Need Help for CCGA Rework | 1 November, 2005

Is it this your first experience of C-CGA RWK ?

In order to approach a RWK of this kind of pakage it requires a capable process and clear operating procedure.

In the past, the company who I use to work for, we rwkd plenty of this kind of CCGA. Earliest version with WIRE Column Type, CAST Column Type and last tech CLASP column type. The earliest column pitch was 1,27 mm, the one like yours it should be 1,00 mm column pitch and i suppose CLASP column attach Type.

The last C-CGA size we use to place and rwk was 52,5 x 52,5 mm square, more than 2650 column, 1,00 mm pitch Clasp type.

You need a very robust process: - to know the technology of this pakage - to know the technology of multilayers PCB (your's should be at least 24 layers), because, for istance, Internal plane Separtions or delaminations it is a matter to keep strongly under consideration, when setting : pre-bake time , pre-heat and reflow profiles of rework machine.

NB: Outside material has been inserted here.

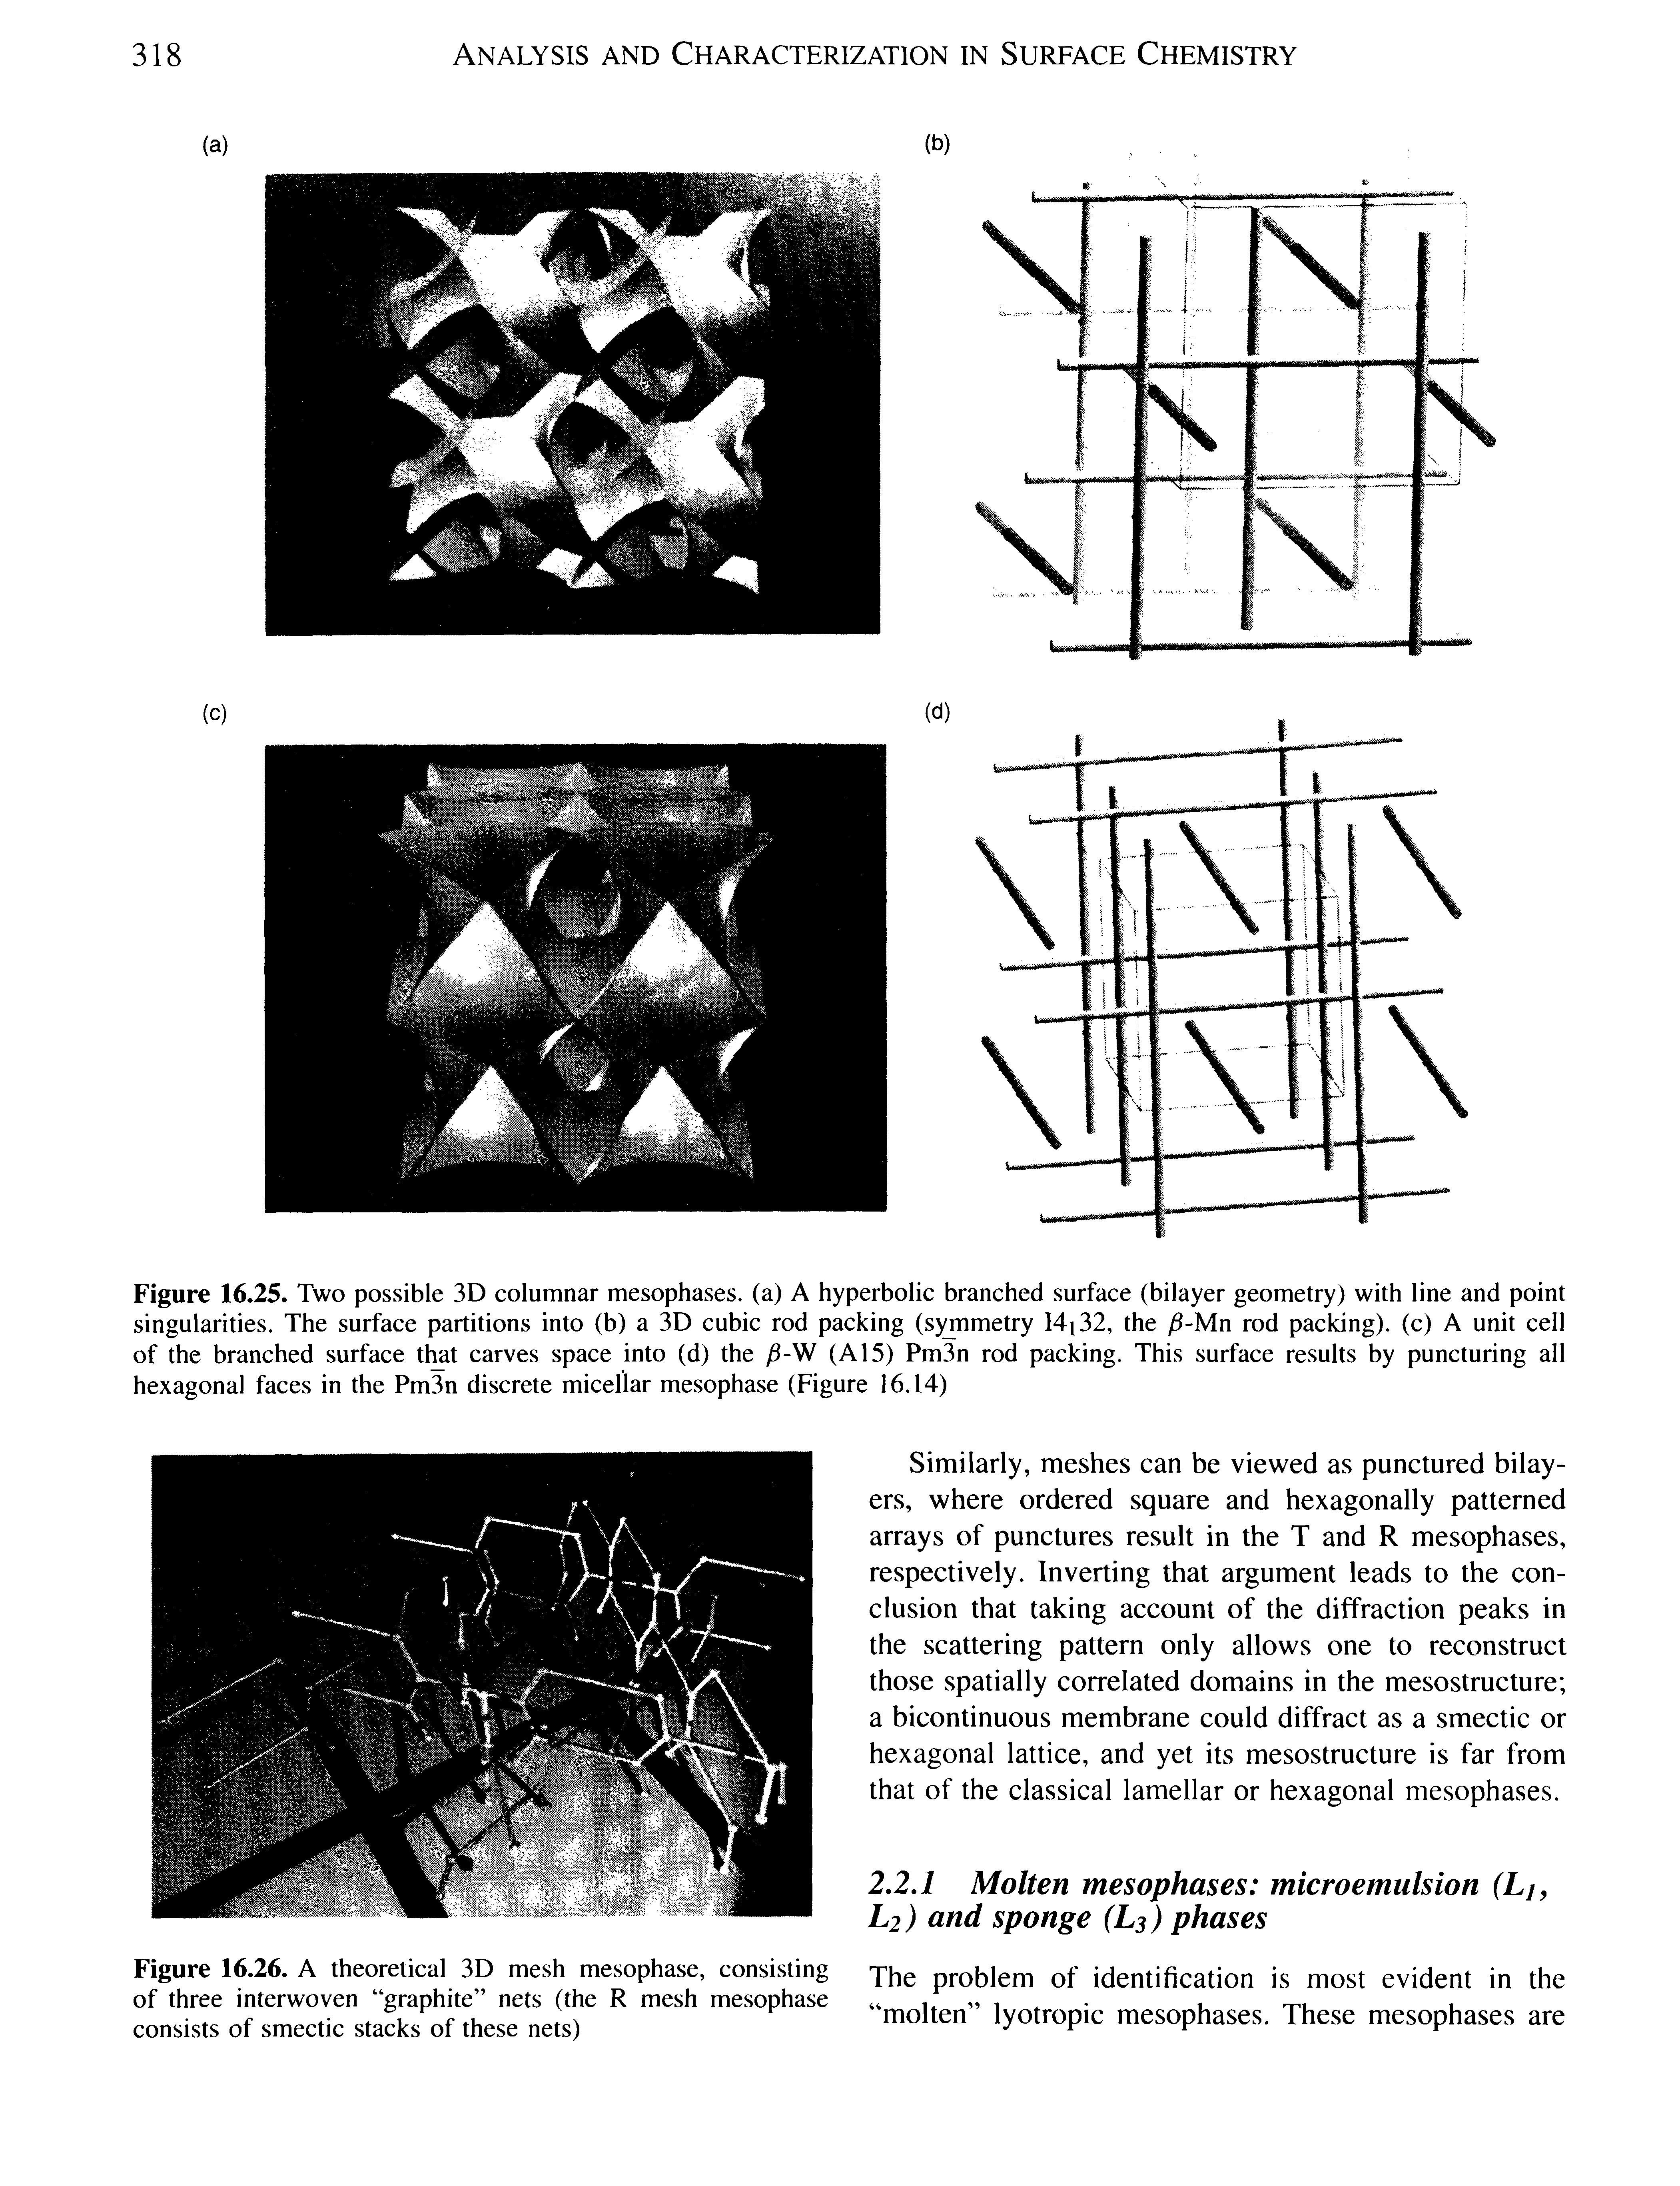 Figure 16.26. A theoretical 3D mesh mesophase, consisting of three interwoven graphite nets (the R mesh mesophase consists of smectic stacks of these nets)...

- RWK machine used had bottom (under board) heaters (hot air obtained by 2 powerfull plates 1500W plus 1500W. - Heating media: Hot Gas N2 (Top Nozzle) - Solder paste: Water Soluble (Type 3) - PCB finisch OSP - PCB thickness from 2,4 mm up to 3,4 mm

Your stencil specs seams to be OK, but what you need to do is make sure for the right voulme of paste released on pads. We run several SPC by measuring paste volume and registration. But at the end we found reliable enough to visual inspect by microscope (40X) and only randomly measure also the volume.

Dedicated and Very skilled RWK Operator is the keey point for a succesfull and reliable CCGA rwk. I have seen some of them, after long time operating in rwork, be able to place CCGA on paste by hands and obtain reliable results same as placing CCGA by machine.

Pad cleaning and dressing operation after bad CCGA removal: Make sure do not stay for long time with hot solder tip (hot gas + vac) on pads in order to avoid copper dissolution problem. Same when redressing pads.( IMC grow very fast and you could get copper removed from pads very quickly)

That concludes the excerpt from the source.